Он должен был перевести дух, пытаясь сообразить, куда его занесло.
– Вот… Как увидел кофе, нащупал в кармане пузырек, я как будто… Ты все чувствуешь, все видишь, слышишь, все одновременно, чувствуешь, видишь и слышишь даже больше того, что понимаешь, – ты везде и в бесчувствии. Только компьютер щелкает. Ты как будто раздвоился…
– Под шизу косит, – отметила опять Надя.
– …Я ничего не чувствовал, и все я прекрасно чувствовал и понимал. И сам по своей воле делал… хотя происходило помимо меня, помимо воли. И все время помнил, что могу остановиться… не делать этого. Я все время помнил: не зарывайся, не зарывайся! Да! Ничего другого. Где-то я все время себя остерегал: надо остановиться, как только затылком, вот, спиной, нервами почую опасность. Я мог устроить это десять раз, десять тысяч раз! Как нефиг делать! Я десять раз, десять раз остановился! Дух захватывает. И страшно, дико страшно, и в груди какая-то гадость – восторг. – Виктор поспешно жестикулировал, показывая невнятными полужестами, где он стоял, где рояль и где что. – Никого не было. А заметят – хрен с ним. Заметят, малейший взгляд – забрать турку. Фу, пойло, остыло – унести и выплеснуть. Я это все отлично продумал. Хотя, говорю, пофиг мне было, что там со мной станется. Другого случая не будет – вот что! Подсел я на эту хрень, в голове стучит: такое не повторится.
И он удивился нелепости собственных побуждений.
«Врет!» – хотел, кажется, сказать опять Генрих и не решился. Никто не знал, что сказать и чему верить. Ирка Астапчик за всех спросила:
– Как же ты мог? – Ира глядела, не отрываясь. Так дети глядят на страшное.
Словно подвешенный этим взглядом, Виктор почувствовал на миг головокружительную слабость, прикрыл глаза и заговорил не прежде, чем справился с приступом.
– Я думал, я после этого другой человек буду.
– И что, другой? – спросил Генрих.
– Тот же. Тот же самый. Ступил на ступеньку вверх и провалился. Еще хуже.
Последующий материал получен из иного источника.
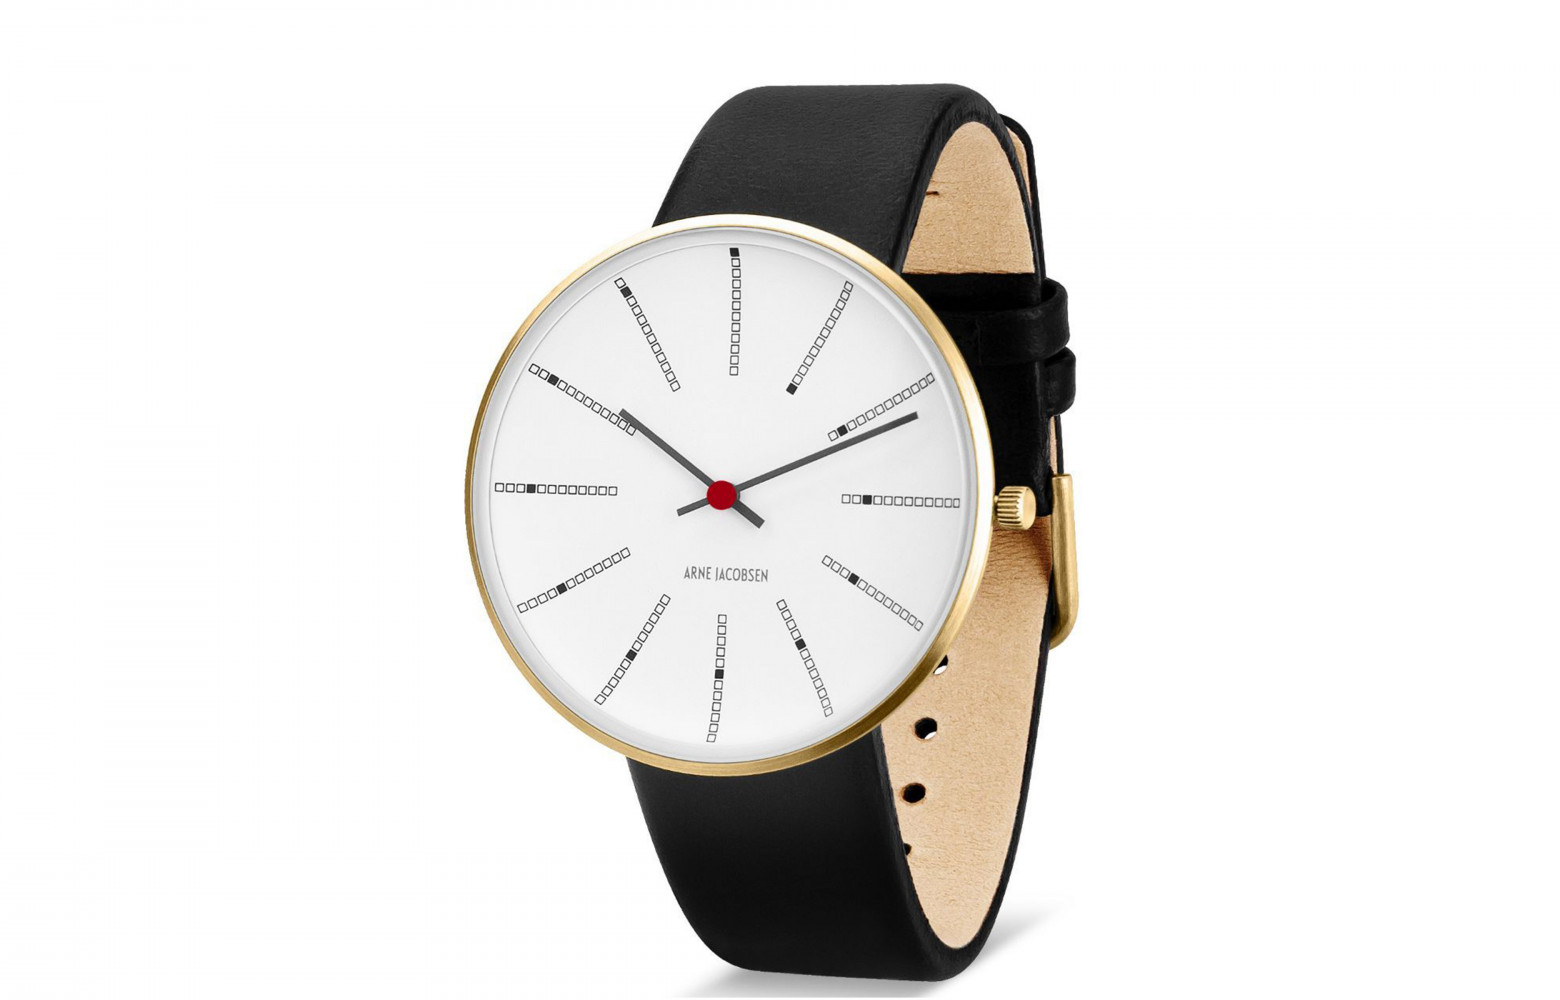 Montre Banker d'Arne Jacobsen (Rosendahl). Ce modèle est une adaptation d'une horloge créée pour la Banque du...

– Обезьяна! Попугай! – с тяжелой, вскипающей ненавистью бросил Генрих.
– Надо звонить в милицию, – напомнил Тарасюк.
– Не надо, – отрезал Генрих. – Врет. Истерика. Артистическая истерия.
Чудилось, будто сцена – несколько десятков людей – колебалась как одно существо. Только что уверовала она, сцена, почти уверовала в каждое слово Куцеря… И вот сказал Генрих – и настроение переменилось.
– Артистическая истерия, – с напором повторил он, чувствуя, что нашел разгадку тому мутному наваждению, что овладело людьми.
– Дело ваше, – как-то сразу, неестественно успокоившись, отозвался Виктор. – Я сказал. Как хотите. Мне пофиг.
На задах толпы перешептывались.
– Вадим спрашивает, где женщина, где Вероника Богоявленская, что кофе готовила? – с телефоном у щеки, подошла к Генриху Аня. – Вадим говорит, как же вы не спросили Богоявленскую?
Несколько секунд понадобилось Генриху, чтобы вспомнить, кто такой Вадим, какое он имеет отношение к театру и зачем ему, наконец, Богоявленская.
– Разумеется! Звони, Аня, звони! Всех до кучи! Богоявленская? Давай сюда Богоявленскую!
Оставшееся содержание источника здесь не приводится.